If Kurt Cobain, who died by his own hand over 20 years ago, were alive today, he would be 55 years old. The idea of the grunge icon stepping into the late stages of middle age, of course, begs the question: what would he be doing now? His premature death at the age of 27 halted the musician’s story halfway through, ripping out the pages of the second chapter and tossing them into the wind. But, by looking back at Cobain’s career and examining that of a similarly deified musical icon, it’s possible to hazard a guess at what might have that next chapter might have entailed.
By 1994, Kurt Cobain was one of the most famous musicians on the planet. Following the commercial failure of Bleach, Nirvana teamed up with producer Butch Vig, who helped the group refine their chaotic sound into something at once unrestrained and radio-friendly. The result of this collaboration was Nirvana’s seminal 1991 album Nevermind, which quickly rocketed to the top of the charts, sparking a massive change in the landscape of American rock music, one that saw hair metal group’s like Van Halen and Aerosmith become regarded as inauthentic and inconsequential.
The album came as a complete surprise to the music industry, affecting the very fabric of popular culture. With its punk-rock iconoclasm, down-tuned guitar lines, and abstract, introspective lyrics, Nevermind became the album of the early 1990s, capturing the imagination of the politically-disillusioned Generation X. By the time Christmas rolled around, Nevermind was selling 400,000 copies a week in the US, famously knocking Michael Jackson’s Bad off the top spot.
The success of Nevermind saw Cobain become a legend in his own lunchtime, an icon for an angst-fueled era in American youth culture. But, with the extended tours, the frequent TV performances, and the endless interviews, Cobain found himself suffering from exhaustion, so he refused to embark on another Nevermind tour.

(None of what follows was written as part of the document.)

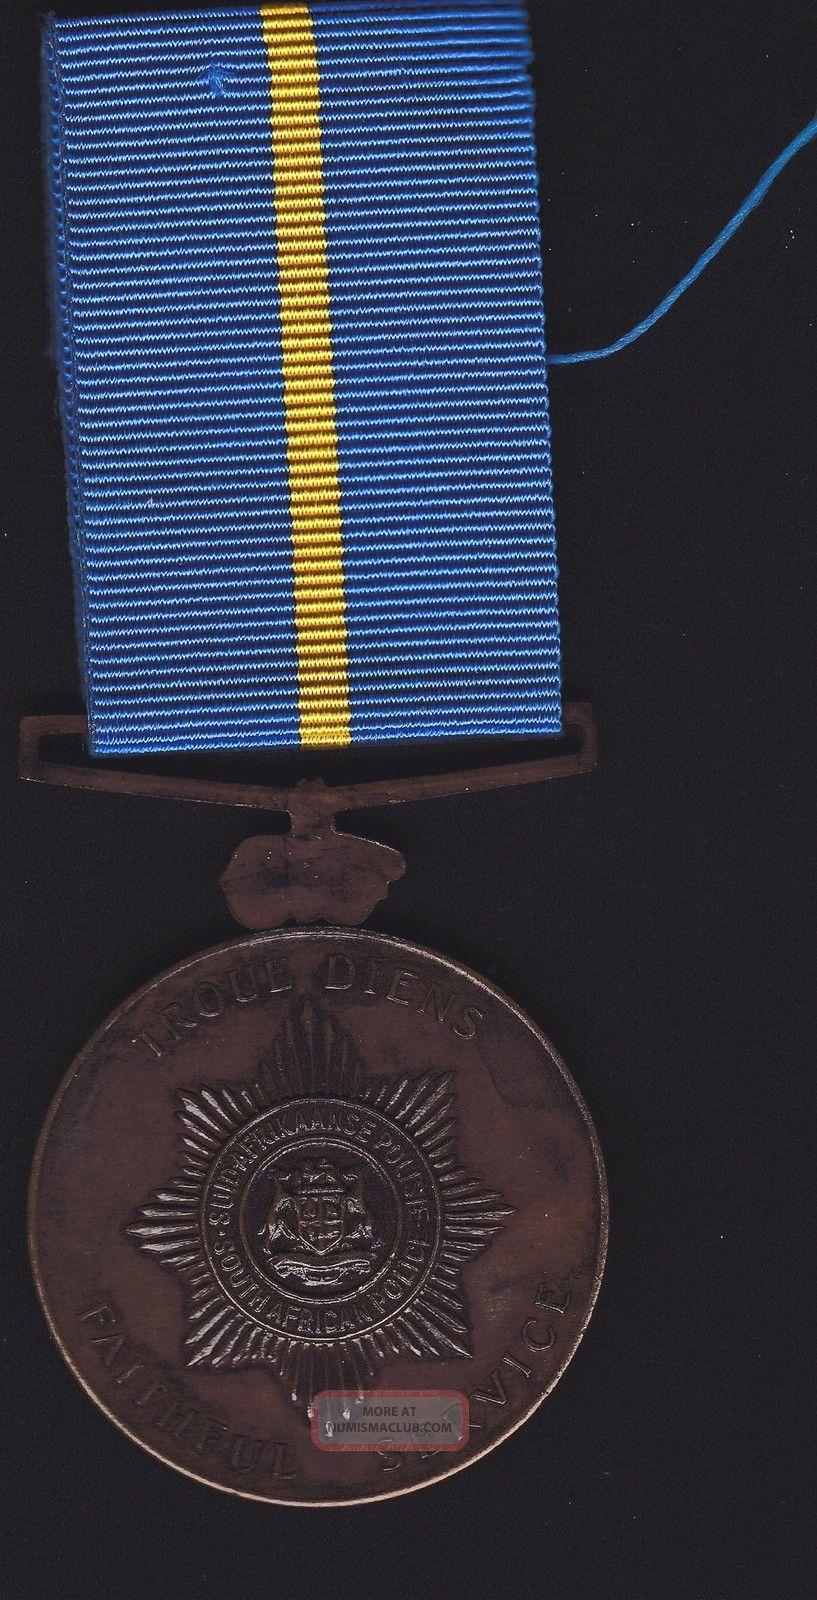 Sth Africa Police Faithful Service,  Unnamed Medal Exonumia photo

Instead, he focused the group’s efforts on recording a new album that would take Nirvana back to their no-wave roots. Cobain was already looking to move away from the mainstream grunge sound that had made them so successful in 1991, hiring producer Steve Albini on the assumption that his natural and pared-back recording style would suffuse In Utero with the rawness of Nirvana’s underground days.
Cobain had managed to galvanise an entire generation. His work with Nirvana had, so far, served as a rallying cry for an entire generation of disaffected youths, many of whom came to revere Cobian as their unofficial spokesperson – in much the same way that Bob Dylan became the spokesperson for the folk revivalists int he 1960s. Like Dylan, Cobain came to resent this deification. As he grew older, his fanbase wanted him to remain the same angsty anti-patriot that he always had been. But, judging from Nirvana’s ‘Serve the Servants’, he was already growing weary of this characterisation: “Teenage angst has paid off well/Now I’m bored and old,” he sang.
The fact that Dylan is still around today offers us an indication of where Cobain might have ended up later in life. Just before his death, he was fixated on his next move, using ‘All Apologies’ from In Utero to ponder: “What else should I be? What else could I say? What else should I write?”. When Dylan was faced with similar questions, he disowned his original fanbase, severing himself from the folk revivalists by adopting an electrified, blues-oriented sound at that infamous Newport Folk Festival performance. Perhaps Cobain would have made a similar decision, albeit in the opposite direction – replacing the distorted ferocity of Nirvana with a more acoustic palette.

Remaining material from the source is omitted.